Mackinac Center Adjunct Scholar Comments on Public vs. Private Pay Study
An adjunct scholar for the Mackinac Center for Public Policy responds to a recent study which concludes that state and local government workers receive lower compensation than private sector workers.
by Amanda Griffin-Johnson
Earlier this year, the Center for State & Local Government Excellence and the National Institute on Retirement Security released a study that concludes that the total compensation of state and local government workers is less than that of private-sector workers when factors such as age and education are taken into account.
Dr. Gary L. Wolfram, a professor of political economy at Hillsdale College and adjunct scholar at theMackinac Center for Public Policy, notes that there are statistical problems with the study. Dr. Wolfram contends that:
“If two explanatory variables are correlated, such as unionization and public sector, then the regression technique will not be able to distinguish between the two effects.
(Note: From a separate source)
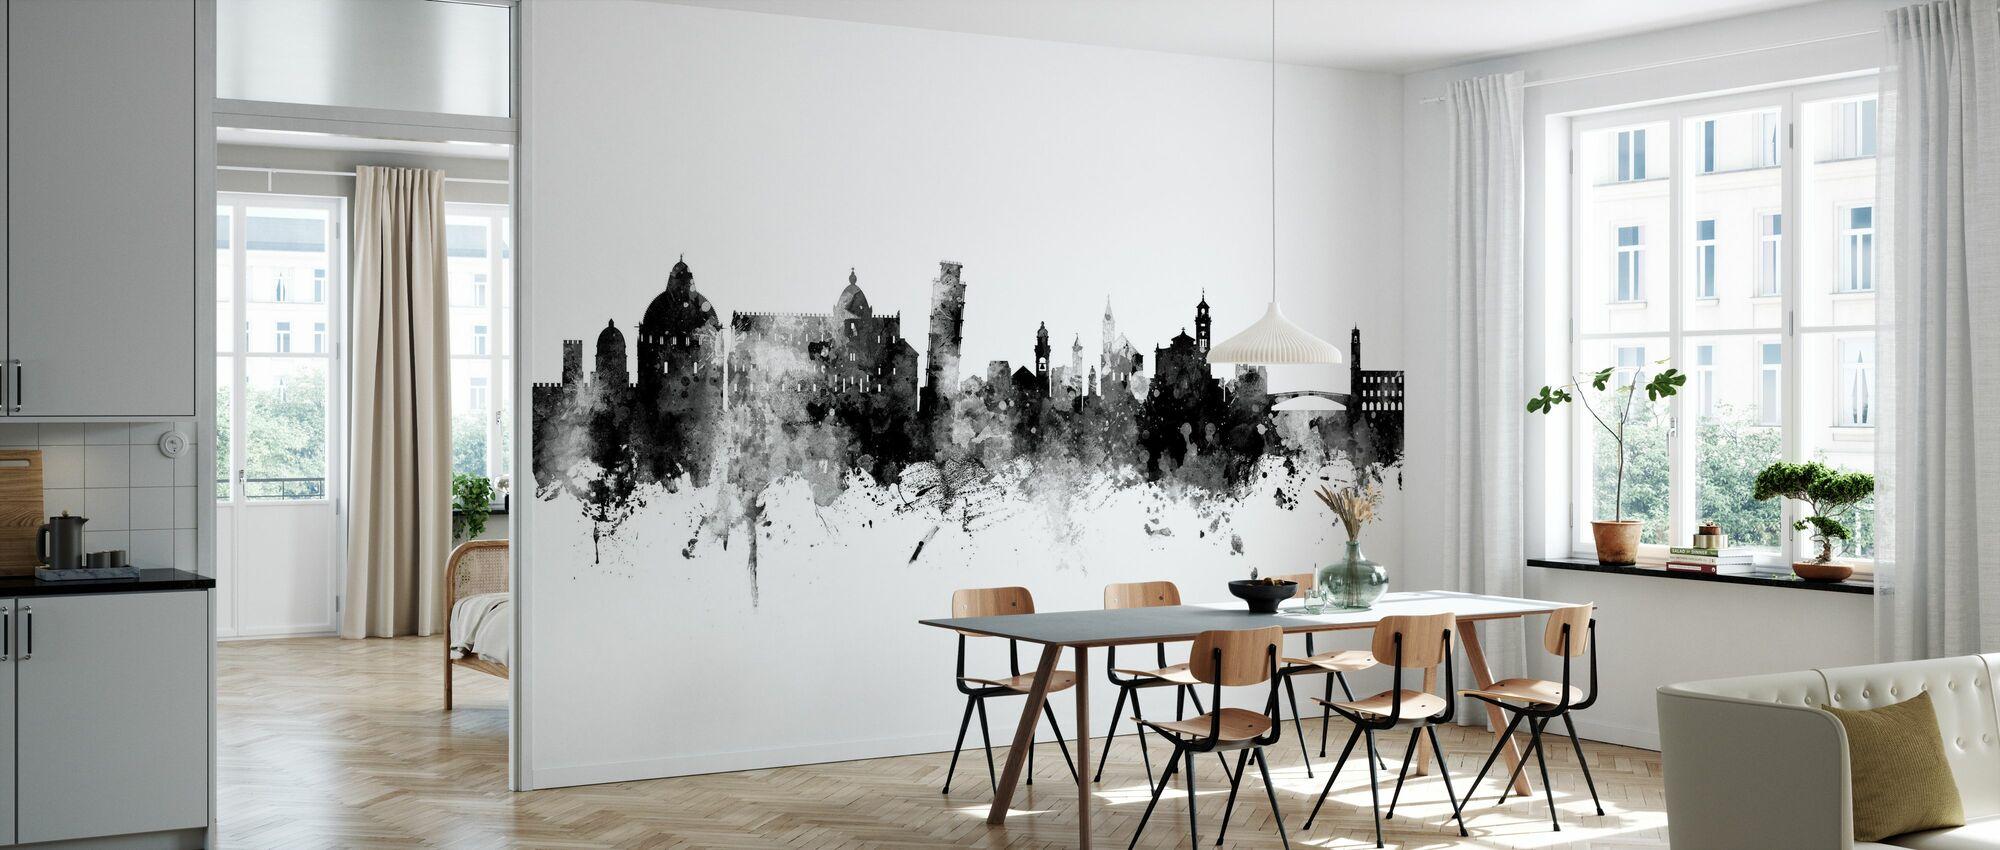 Pisa Italy Skyline - Wallpaper - Kitchen

The effect of being in the public sector may be picked up in the regression coefficient for unionization. Since age, education and unionization seem to be correlated with the public-sector variable, the key estimate for the conclusion of the authors, the coefficient on their dummy variable public-sector worker is likely to be statistically biased.”
Because of these problems, Dr. Wolfram concludes that “[t]he relevant issue is whether changes in government policy can yield the same or greater amount of public services with lower cost and this requires a different and more in-depth study.” To read Dr. Wolfram’s entire article on the Mackinac Center website, click here.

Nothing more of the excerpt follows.